Institute of Medical Biometry and Epidemiology, University Medical Center Hamburg-Eppendorf, Martinistraße 52, Hamburg, 20246, Germany.
Charité - Universitätsmedizin Berlin, corporate member of Freie Universität Berlin, Humboldt-Universität zu Berlin, Institute of Biometry and Clinical Epidemiology, Charitéplatz 1, Berlin, 10117, Germany.
BMC Med Res Methodol. 2022 Feb 5;22(1):38. doi: 10.1186/s12874-022-01511-1.
In clinical trials the study interest often lies in the comparison of a treatment to a control regarding a time to event endpoint. A composite endpoint allows to consider several time to event endpoints at once. Usually, only the time to the first occurring event for a patient is thereby analyzed. However, an individual may experience more than one non-fatal event. Including all observed events in the analysis can increase the power and provides a more complete picture of the disease. Thus, analytical methods for recurrent events are required. A challenge is that the different event types belonging to the composite often are of different clinical relevance. In this case, weighting the event types according to their clinical relevance is an option. Different weight-based methods for composite time to event endpoints were proposed. So far, there exists no systematic comparison of these methods.
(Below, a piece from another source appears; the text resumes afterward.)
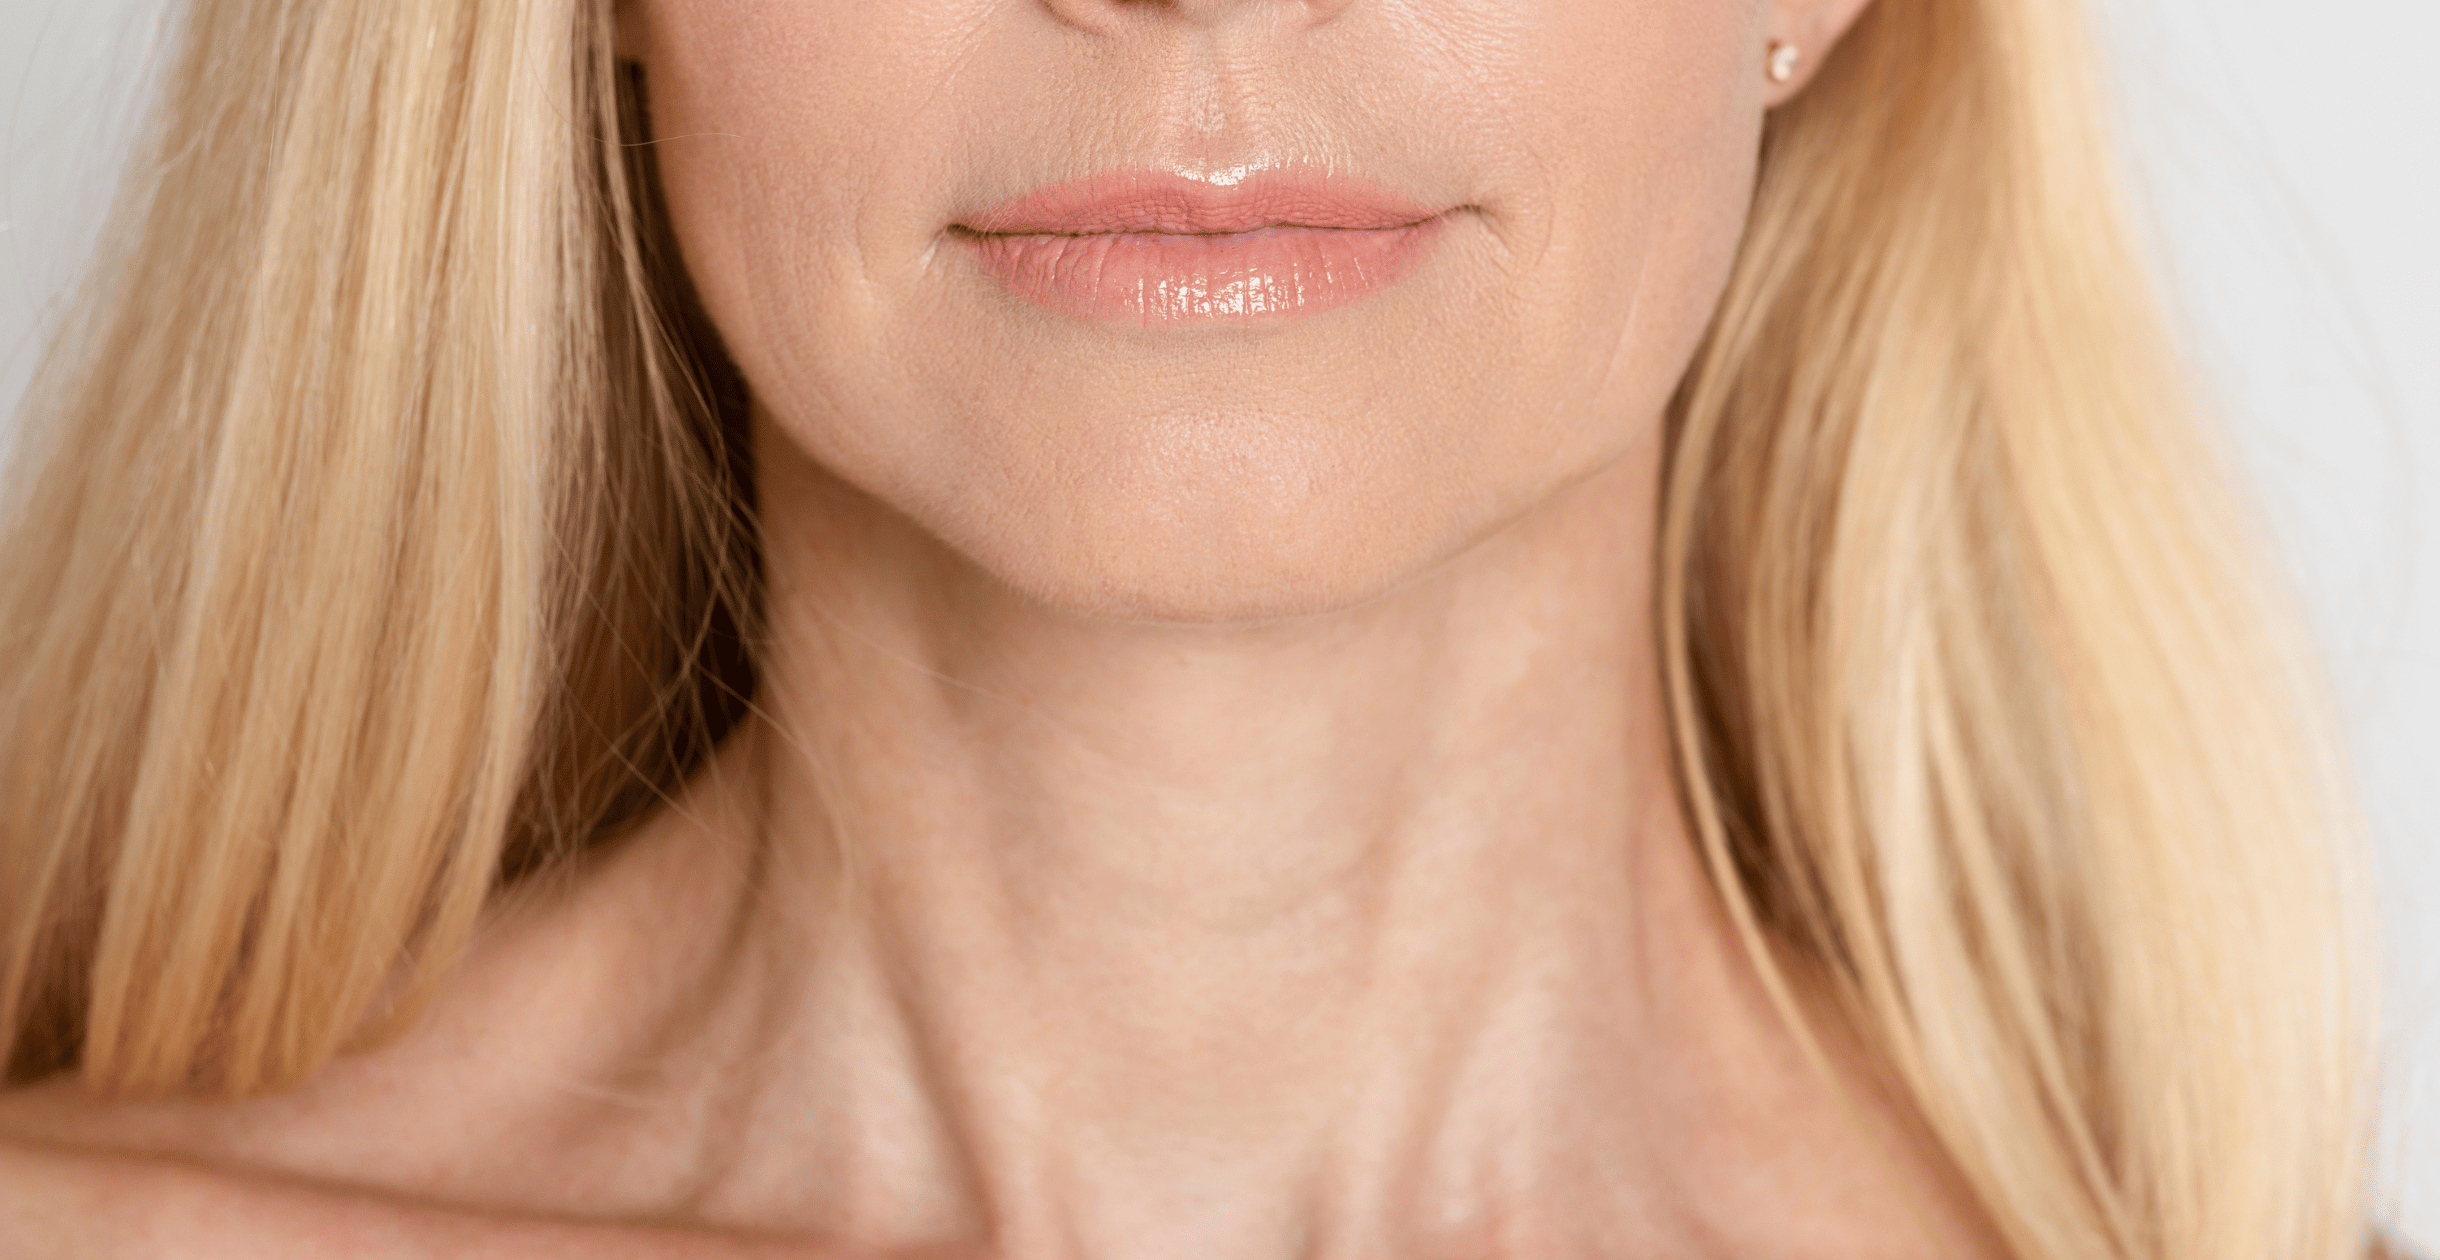 How to treat neck wrinkles
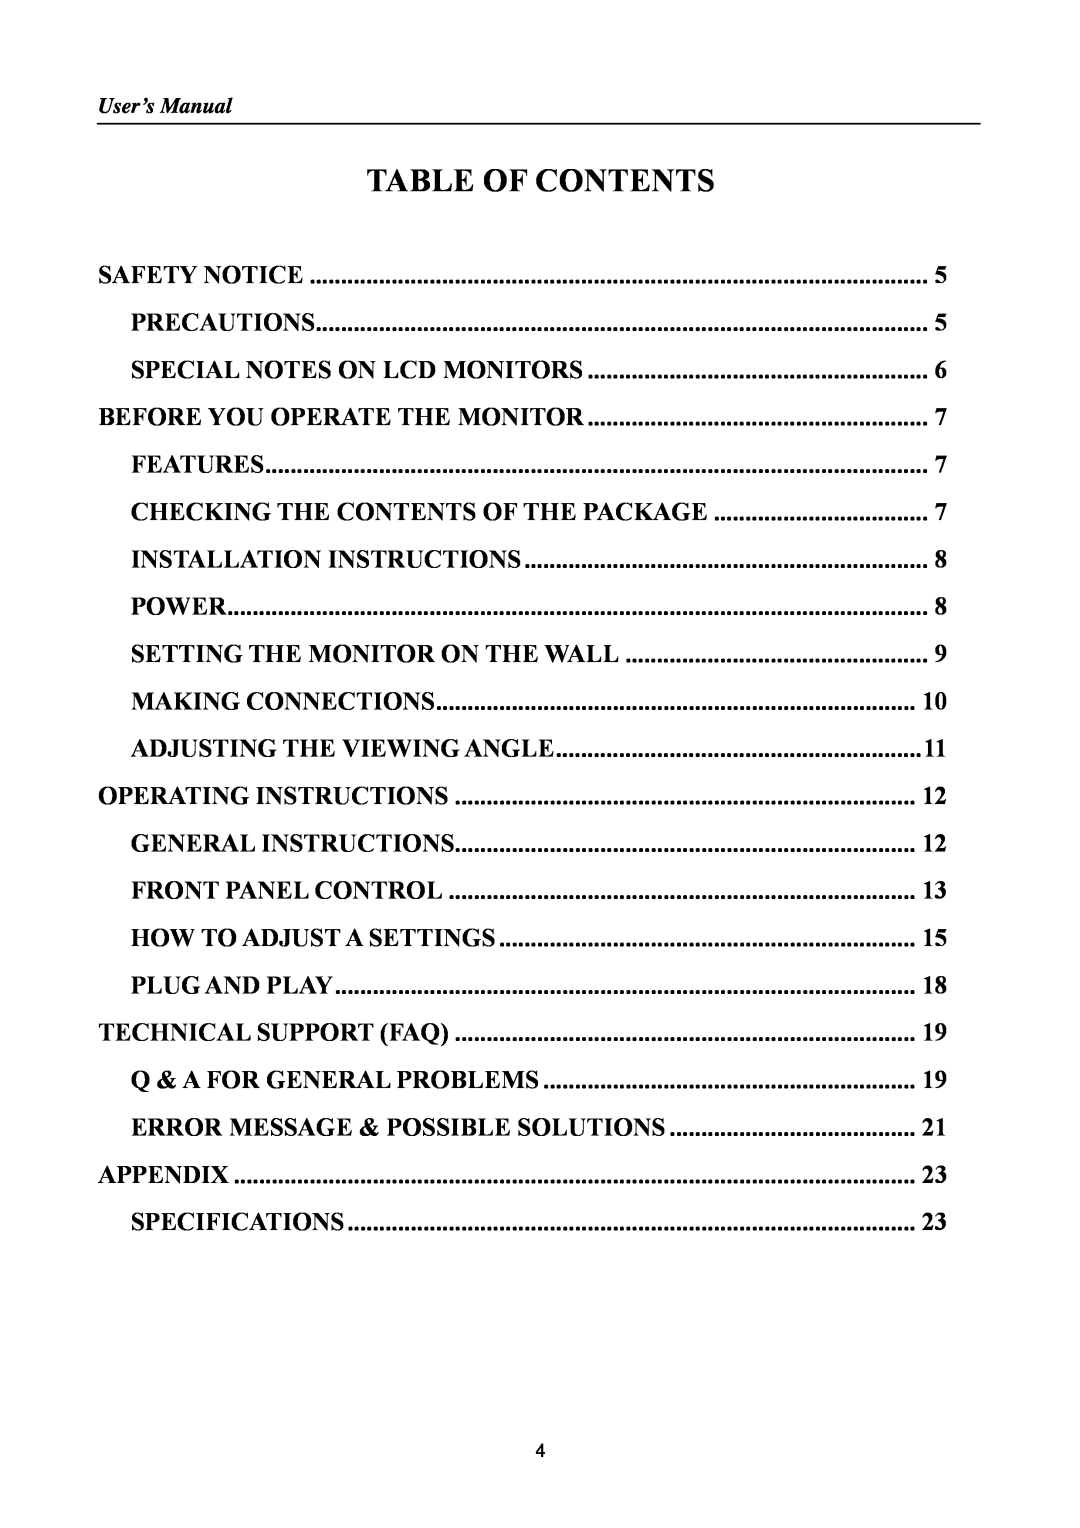 HANNspree SM198 manual Table Of Contents, Error Message & Possible Solutions

Within this work we provide a systematic comparison of three methods proposed for weighted composite endpoints in a recurrent event setting combining non-fatal and fatal events of different clinical relevance. We consider an extension of an approach proposed by Wei and Lachin, an approach by Rauch et al., and an approach by Bakal et al.. Comparison is done based on a simulation study and based on a clinical study example.
For all three approaches closed formula test statistics are available. The Wei-Lachin approach and the approach by Rauch et al. show similar results in mean squared error. For the approach by Wei and Lachin confidence intervals are provided. The approach by Bakal et al. is not related to a quantifiable estimand. The relevance weights of the different approaches work on different level, i.e. either on cause-specific hazard ratios or on event count.
The provided comparison and simulations can help to guide applied researchers to choose an adequate method for the analysis of composite endpoints combining (recurrent) events of different clinical relevance. The approach by Wei and Lachin and Rauch et al. can be recommended in scenarios where the composite effect is time-independent. The approach by Bakal et al. should be applied carefully.
在临床试验中,研究兴趣通常在于比较治疗组与对照组的时间事件终点。复合终点可以同时考虑多个时间事件终点。通常,仅对患者的第一个发生事件的时间进行分析。然而,一个人可能会经历不止一次非致命事件。将所有观察到的事件纳入分析可以提高统计效能,并更全面地了解疾病。因此,需要使用分析复发性事件的方法。一个挑战是,属于复合终点的不同事件类型通常具有不同的临床相关性。在这种情况下,根据其临床相关性对事件类型进行加权是一种选择。已经提出了用于复合时间事件终点的不同基于权重的方法。到目前为止,这些方法之间还没有进行系统的比较。
在这项工作中,我们在考虑非致命和致命事件具有不同临床相关性的复发性事件背景下,对三种用于加权复合终点的方法进行了系统比较。我们考虑了 Wei 和 Lachin 提出的方法的扩展、Rauch 等人提出的方法和 Bakal 等人提出的方法。比较是基于模拟研究和临床研究示例进行的。
对于所有三种方法,都有封闭公式的检验统计量。Wei-Lachin 方法和 Rauch 等人的方法在均方误差方面表现相似。对于 Wei 和 Lachin 的方法,提供了置信区间。Bakal 等人的方法与可量化的估计量无关。不同方法的相关权重作用于不同的水平,即因果风险比或事件计数。
提供的比较和模拟可以帮助指导应用研究人员选择适当的方法来分析具有不同临床相关性的(复发性)事件的复合终点。当复合效应与时间无关时,推荐使用 Wei 和 Lachin 以及 Rauch 等人的方法。Bakal 等人的方法应谨慎使用。